▸ **PROVIDED MATERIAL**:
# # # # #

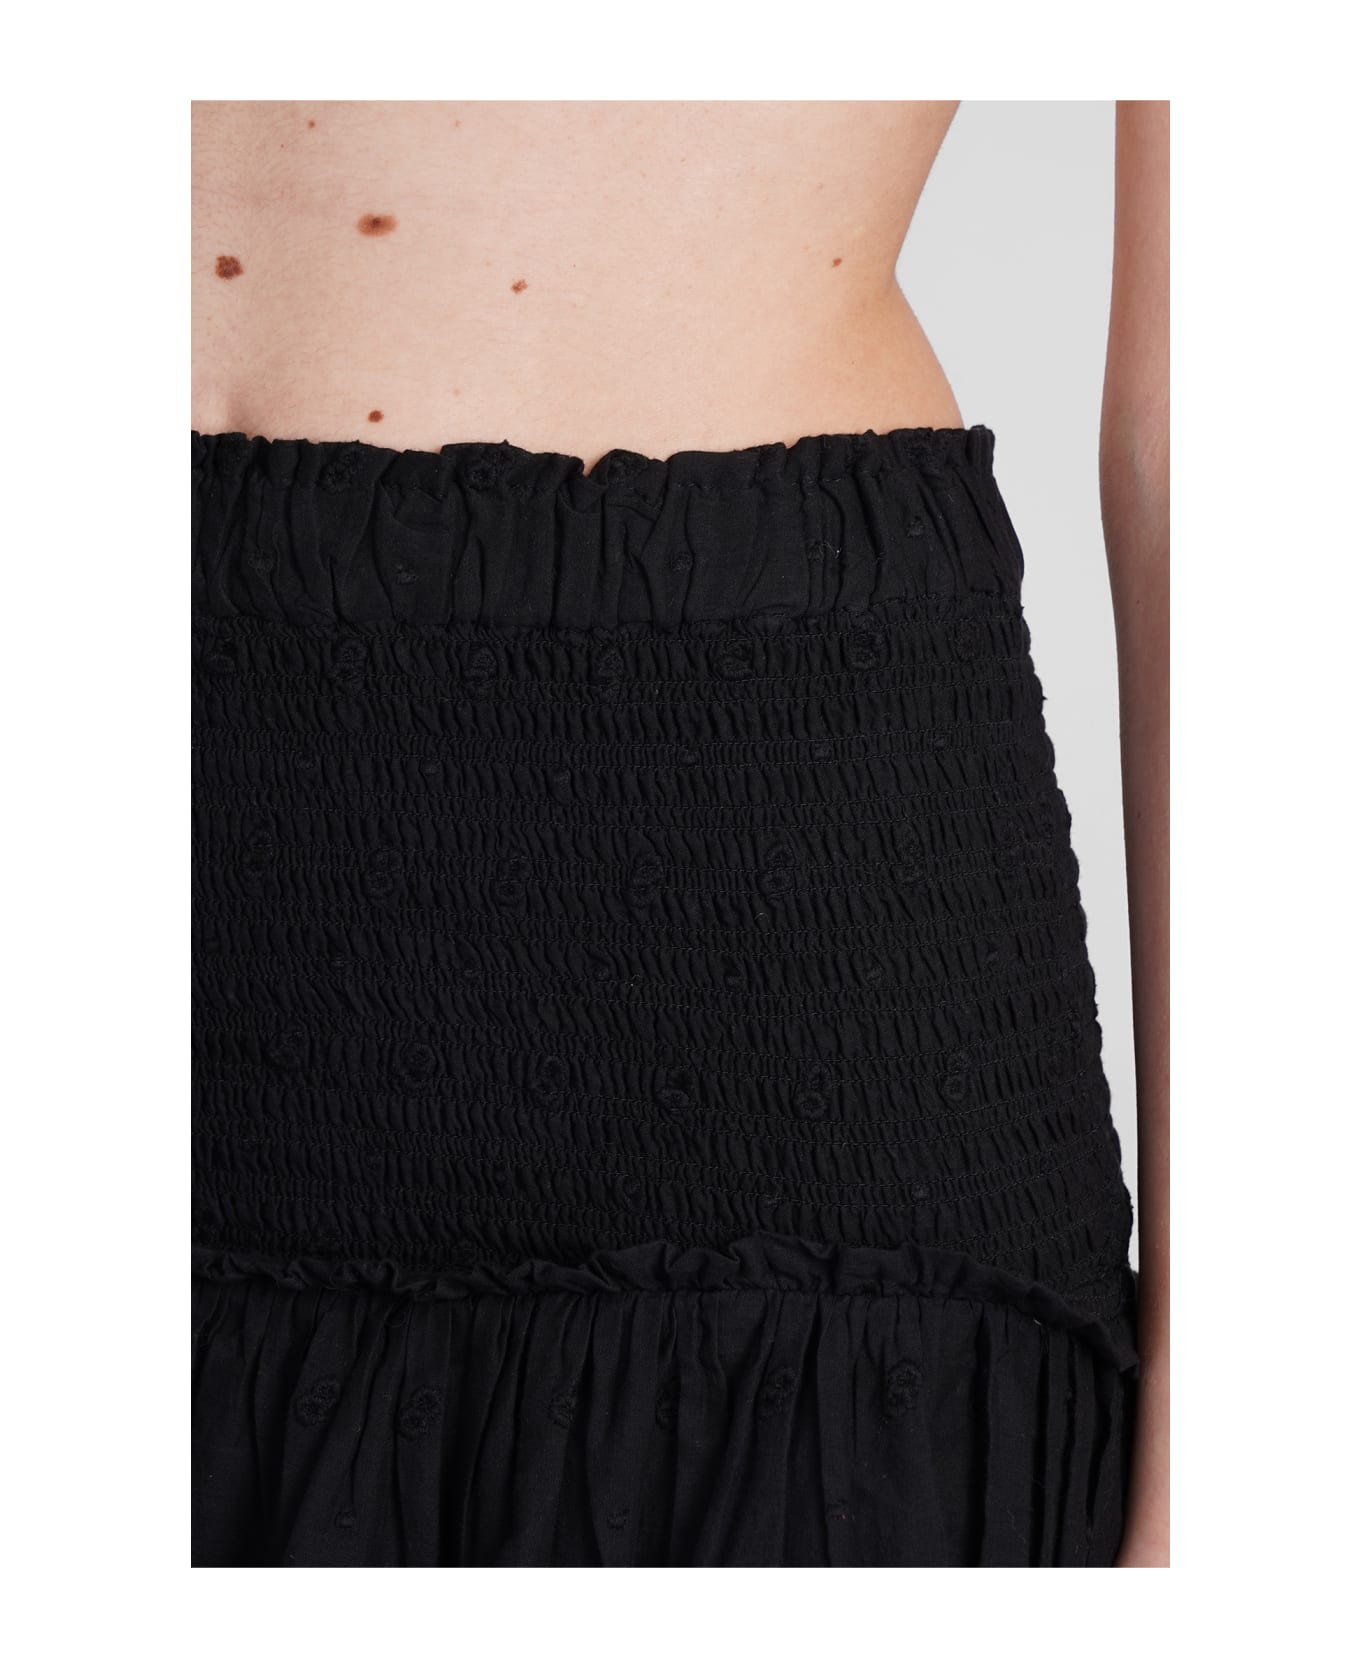 Marant Étoile Tinaomi Skirt - black
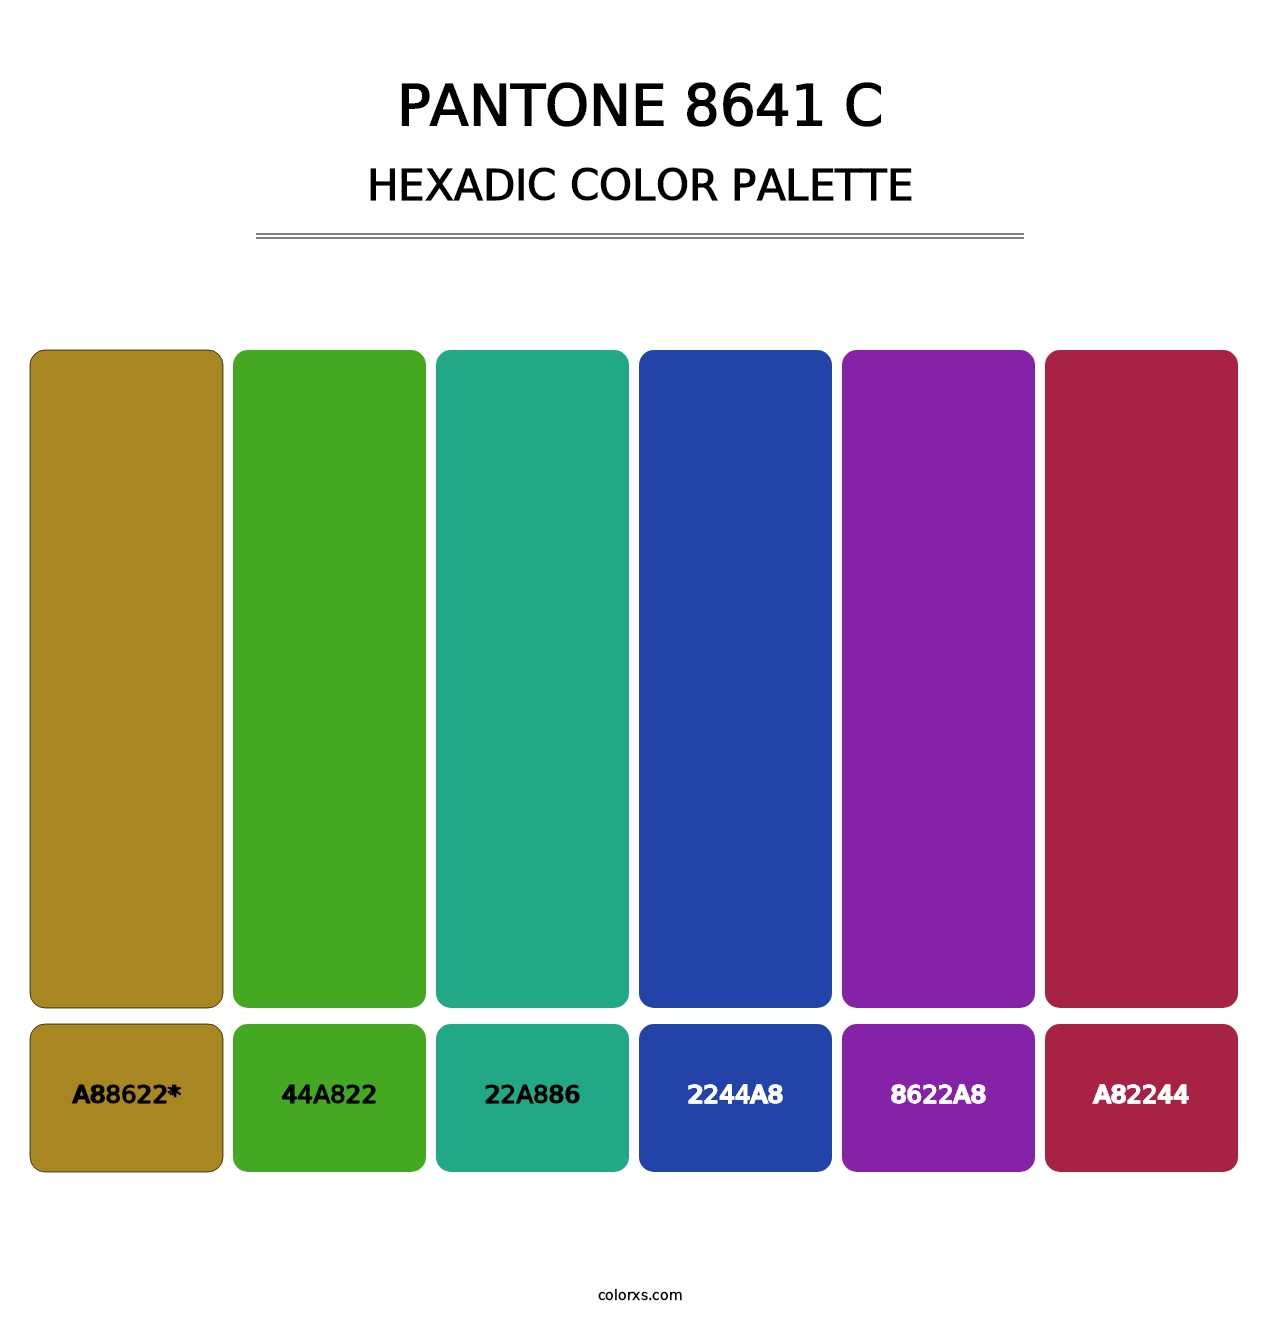 PANTONE 8641 C - Hexadic Color Palette
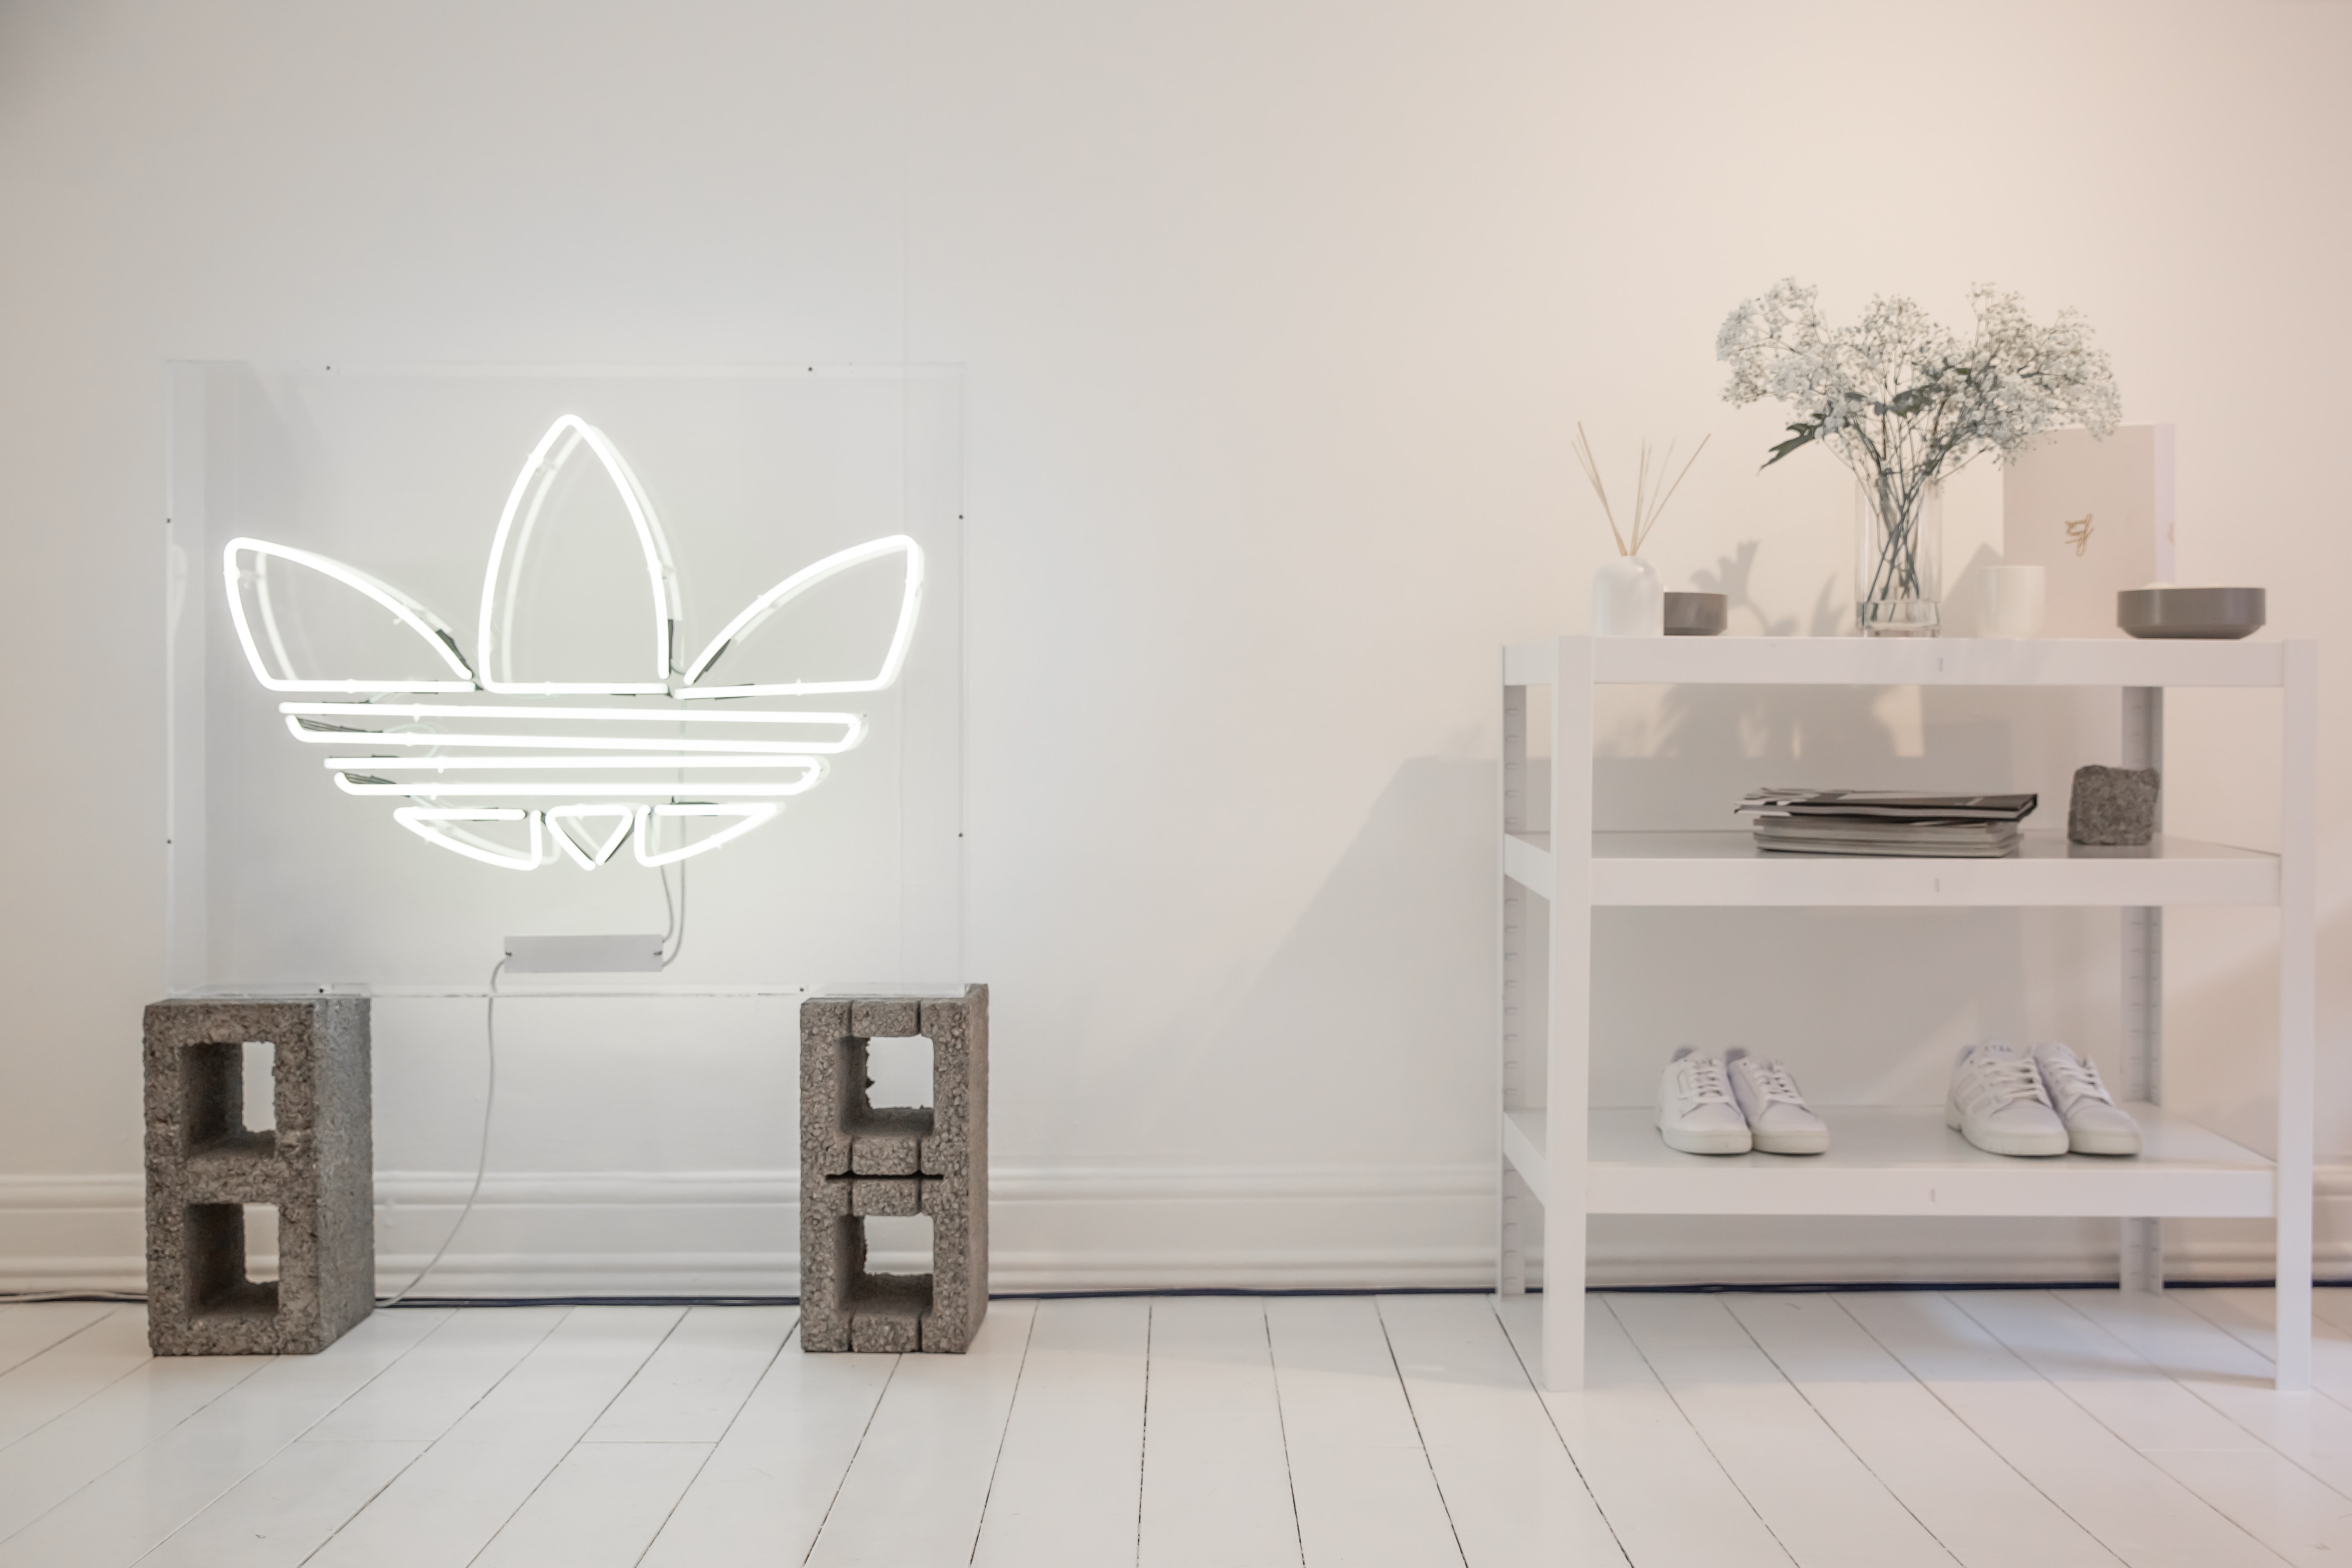 Adidas logo in room

# # # # #

▸ **TO DO**: Could you repeat all of the data exactly, minus the pictures?

▸ **COMPLETED TASK**:
 Marant Étoile Tinaomi Skirt - black
 PANTONE 8641 C - Hexadic Color Palette
 Adidas logo in room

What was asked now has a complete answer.